Since pictures are not part of the copy, please output only the lines from the one with "Ben Roethlisberger and" through the end of the data below, exactly as written.

_Data_
______________________________
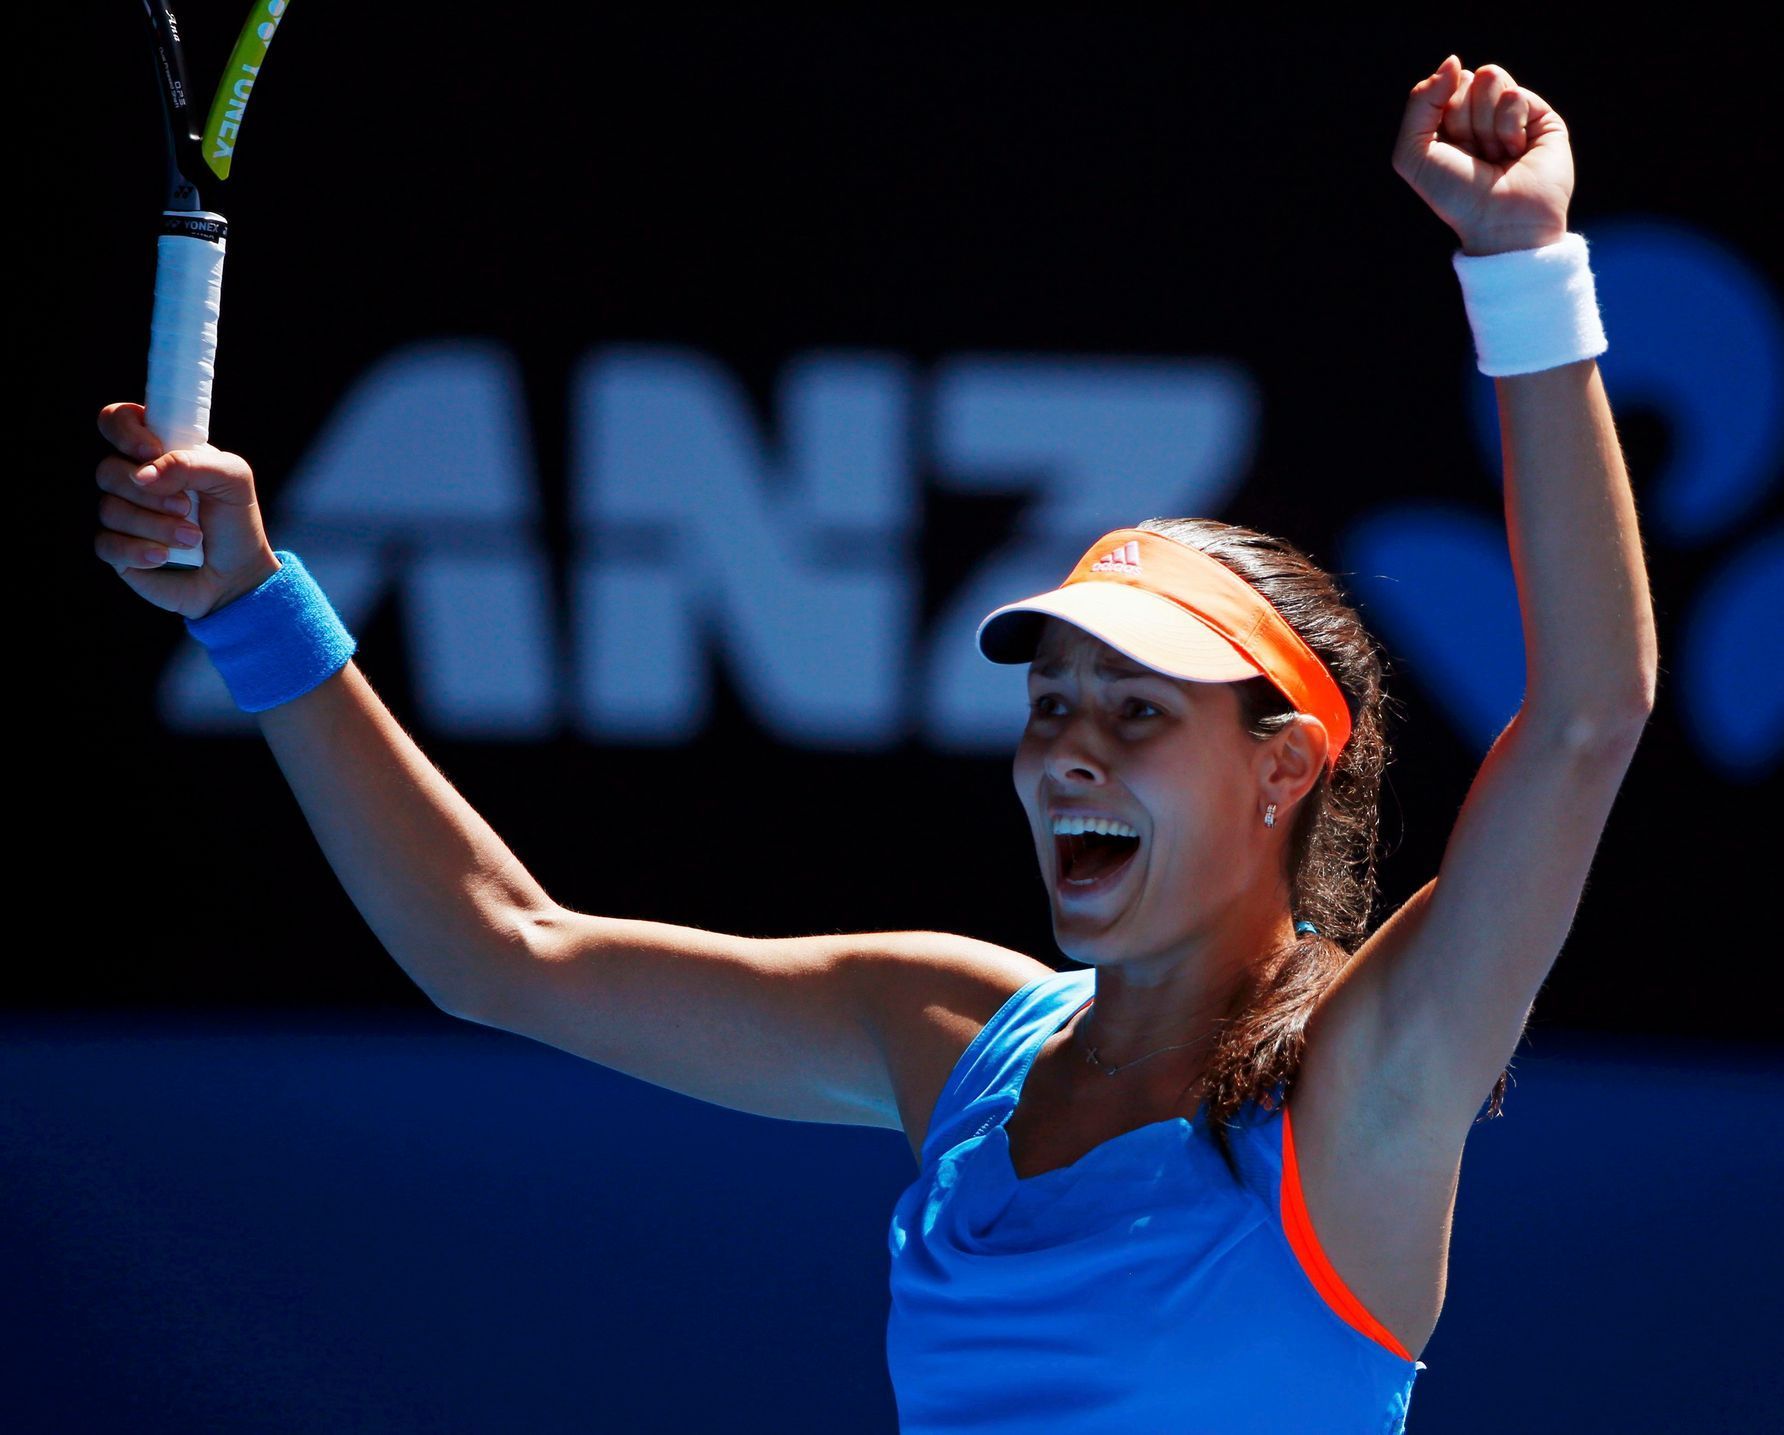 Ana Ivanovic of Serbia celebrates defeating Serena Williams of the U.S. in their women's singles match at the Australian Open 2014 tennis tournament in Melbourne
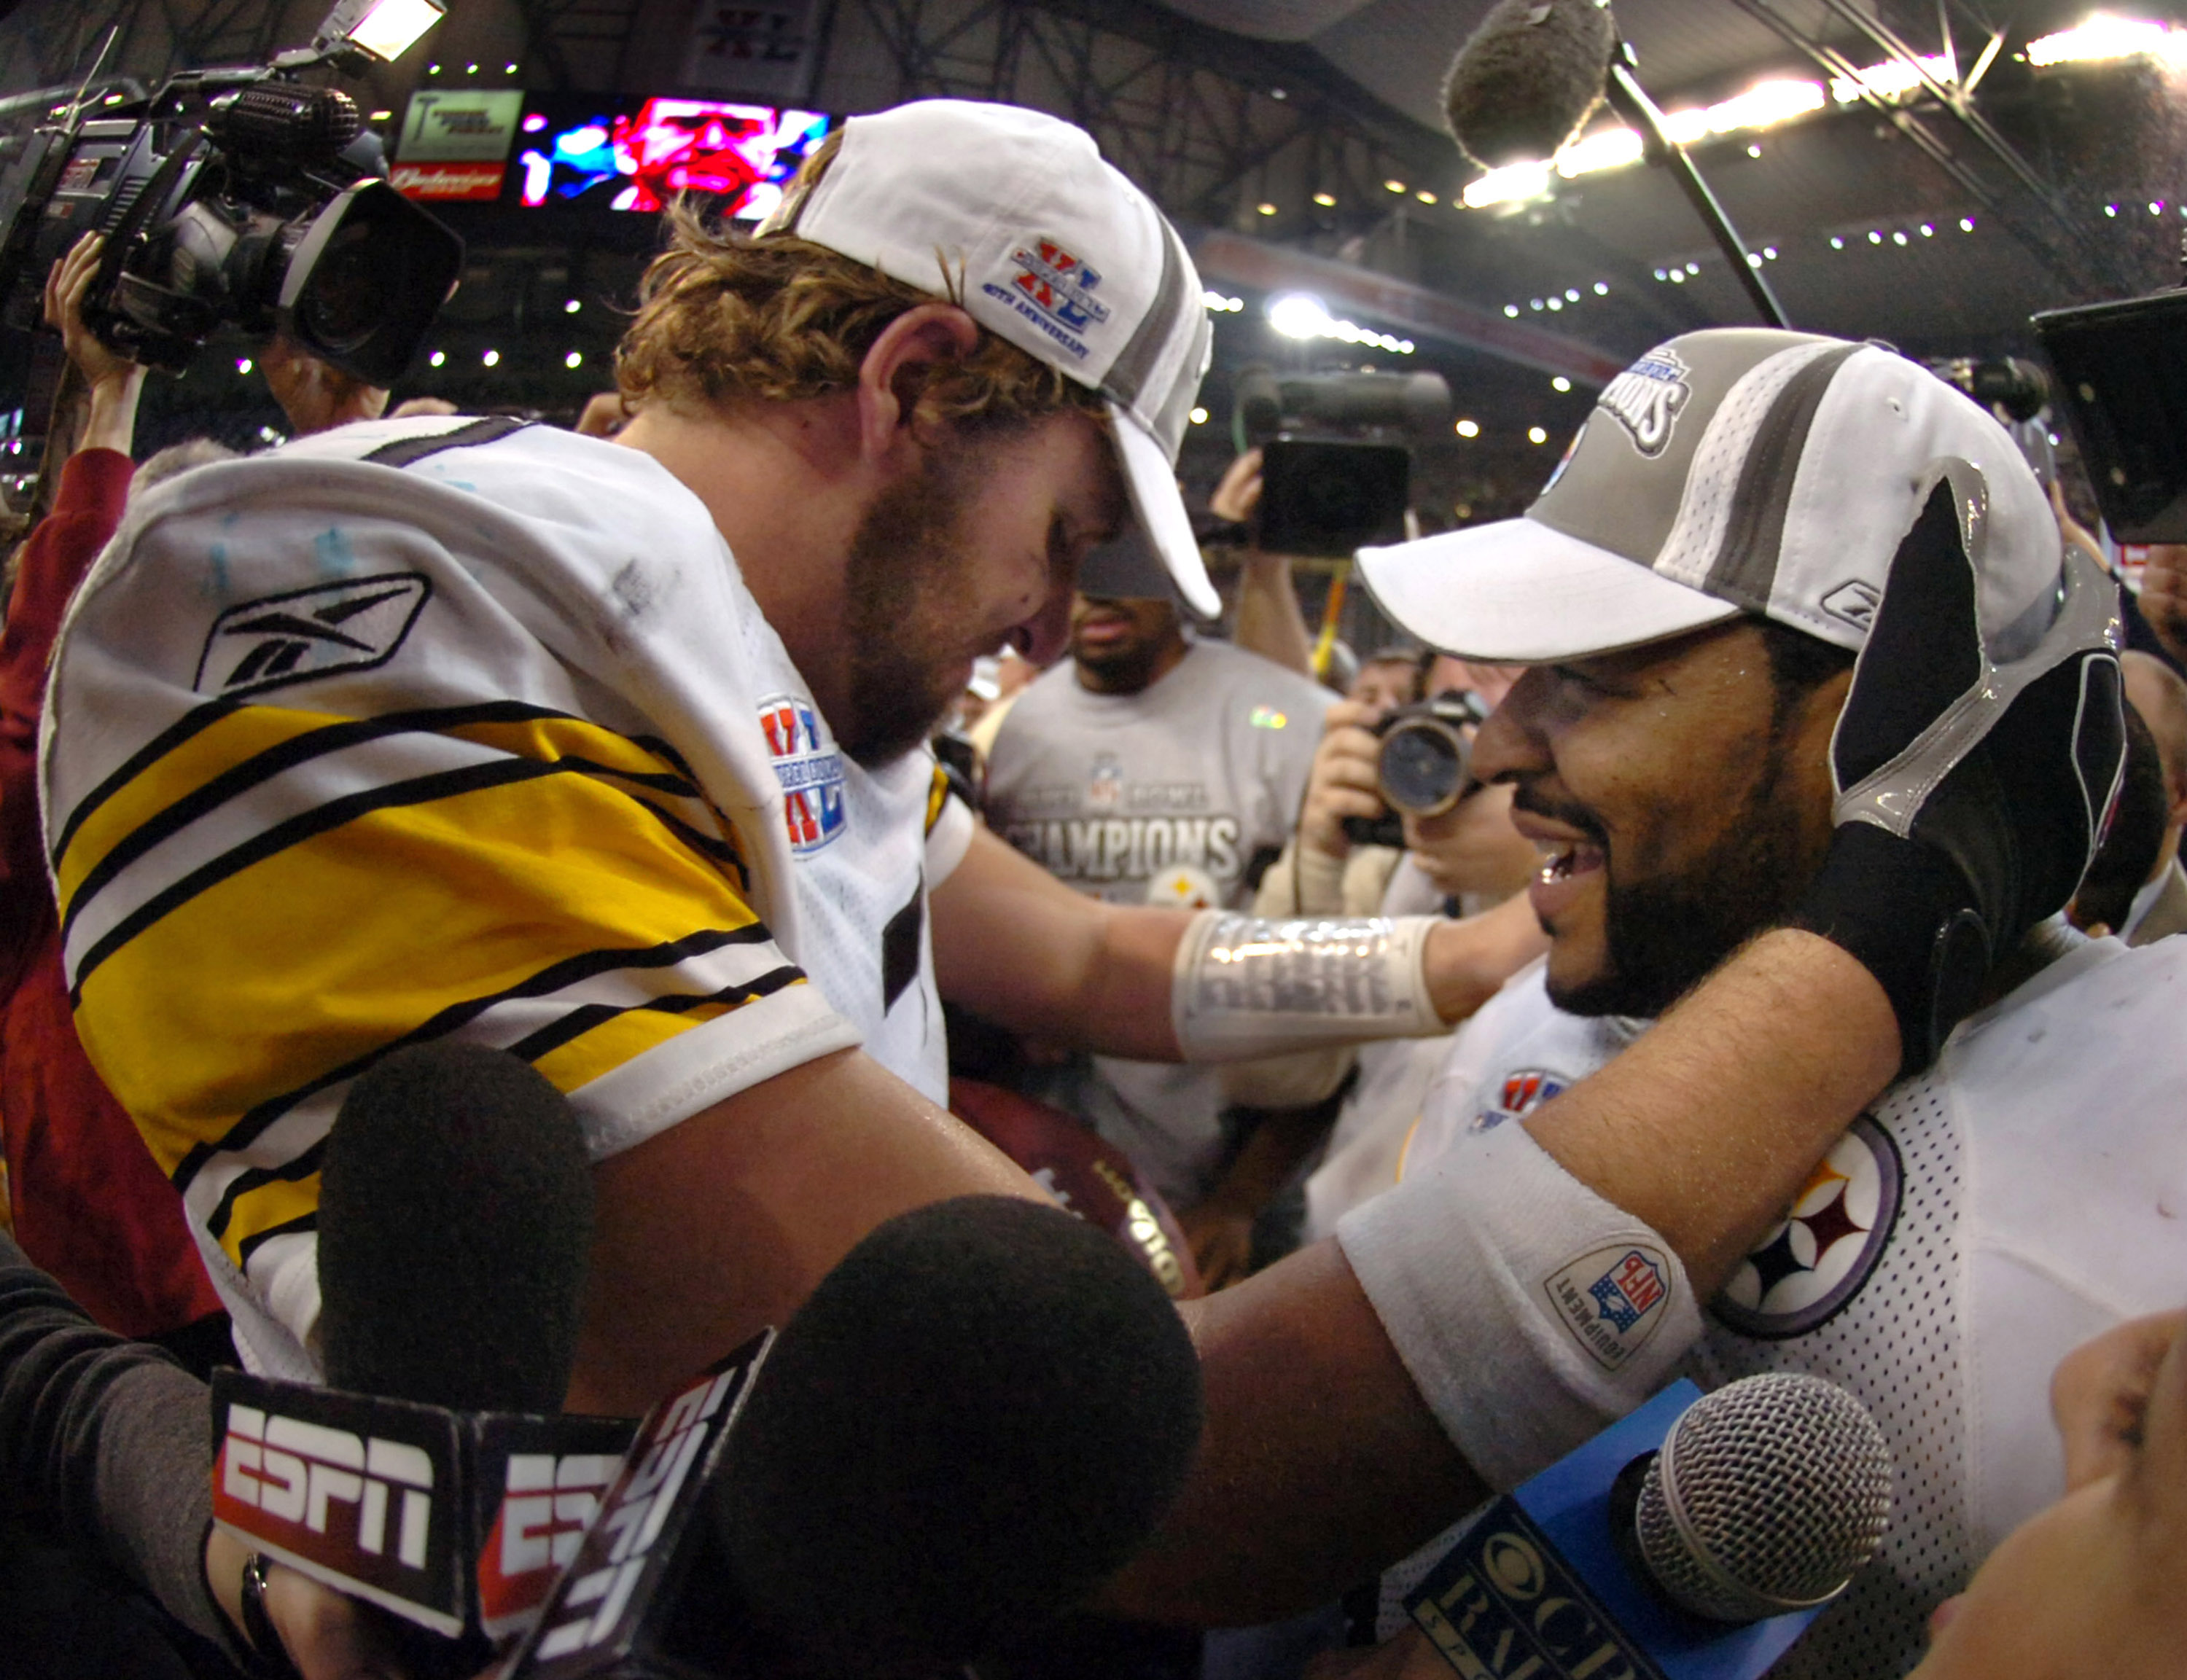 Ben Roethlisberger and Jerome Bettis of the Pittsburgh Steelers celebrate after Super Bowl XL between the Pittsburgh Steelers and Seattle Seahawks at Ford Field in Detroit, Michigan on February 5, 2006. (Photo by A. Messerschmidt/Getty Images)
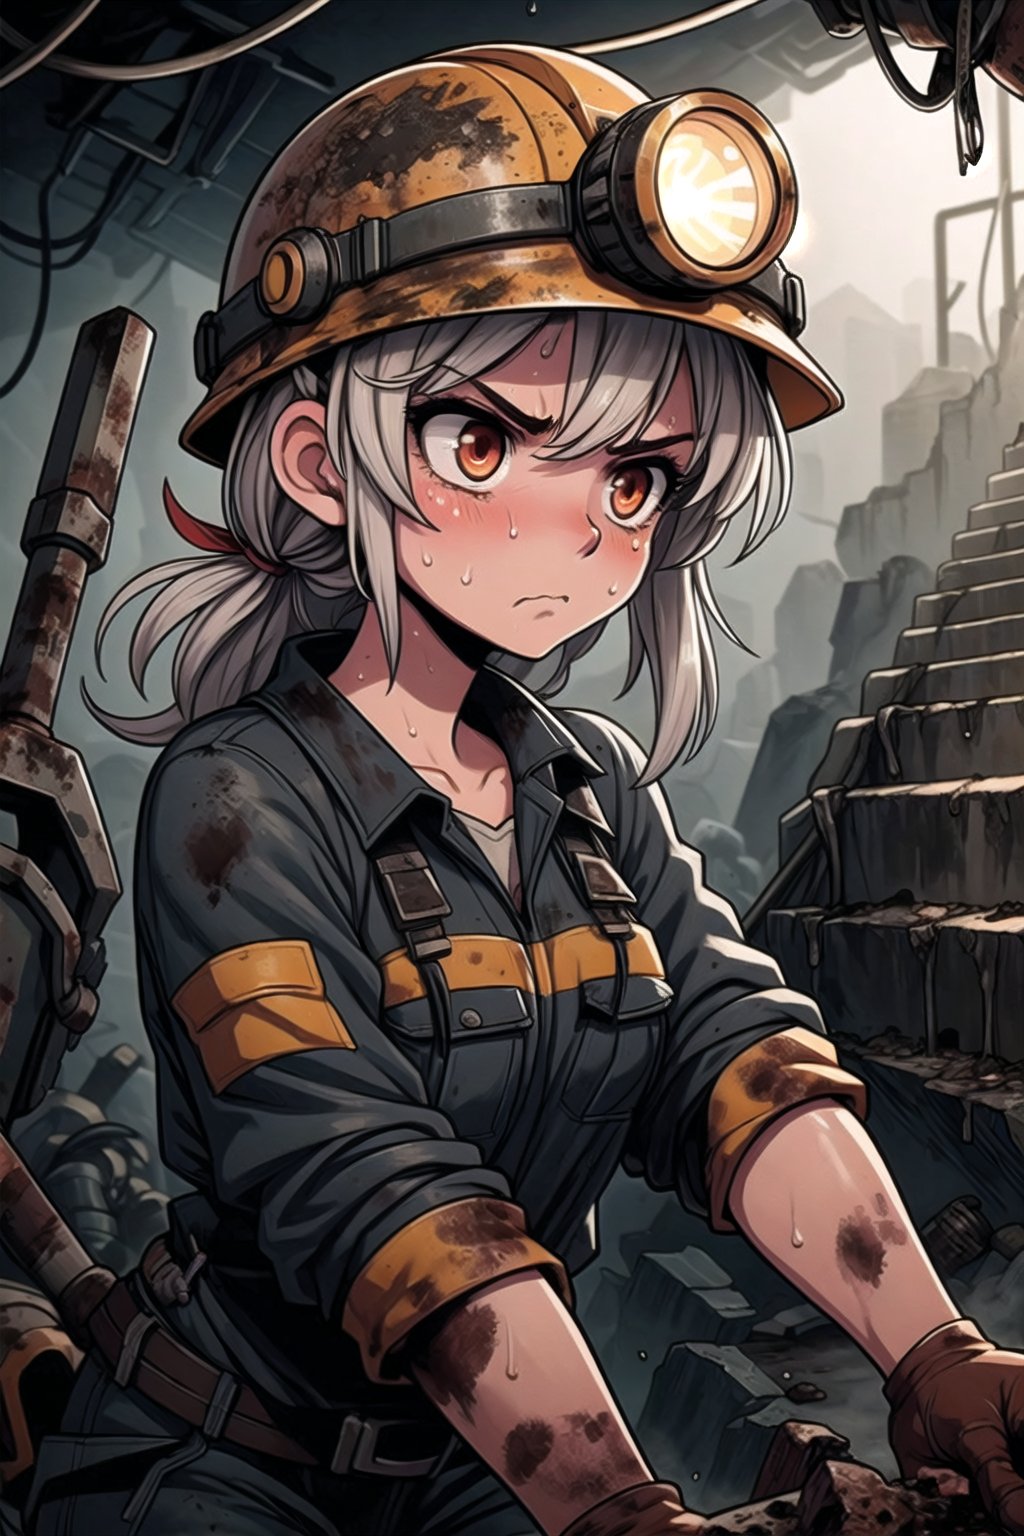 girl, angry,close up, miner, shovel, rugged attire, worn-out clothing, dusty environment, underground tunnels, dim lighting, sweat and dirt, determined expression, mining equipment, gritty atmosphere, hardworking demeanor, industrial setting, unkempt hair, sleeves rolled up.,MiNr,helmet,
______________________________
_Response for this exercise_
 Ben Roethlisberger and Jerome Bettis of the Pittsburgh Steelers celebrate after Super Bowl XL between the Pittsburgh Steelers and Seattle Seahawks at Ford Field in Detroit, Michigan on February 5, 2006. (Photo by A. Messerschmidt/Getty Images)
 girl, angry,close up, miner, shovel, rugged attire, worn-out clothing, dusty environment, underground tunnels, dim lighting, sweat and dirt, determined expression, mining equipment, gritty atmosphere, hardworking demeanor, industrial setting, unkempt hair, sleeves rolled up.,MiNr,helmet,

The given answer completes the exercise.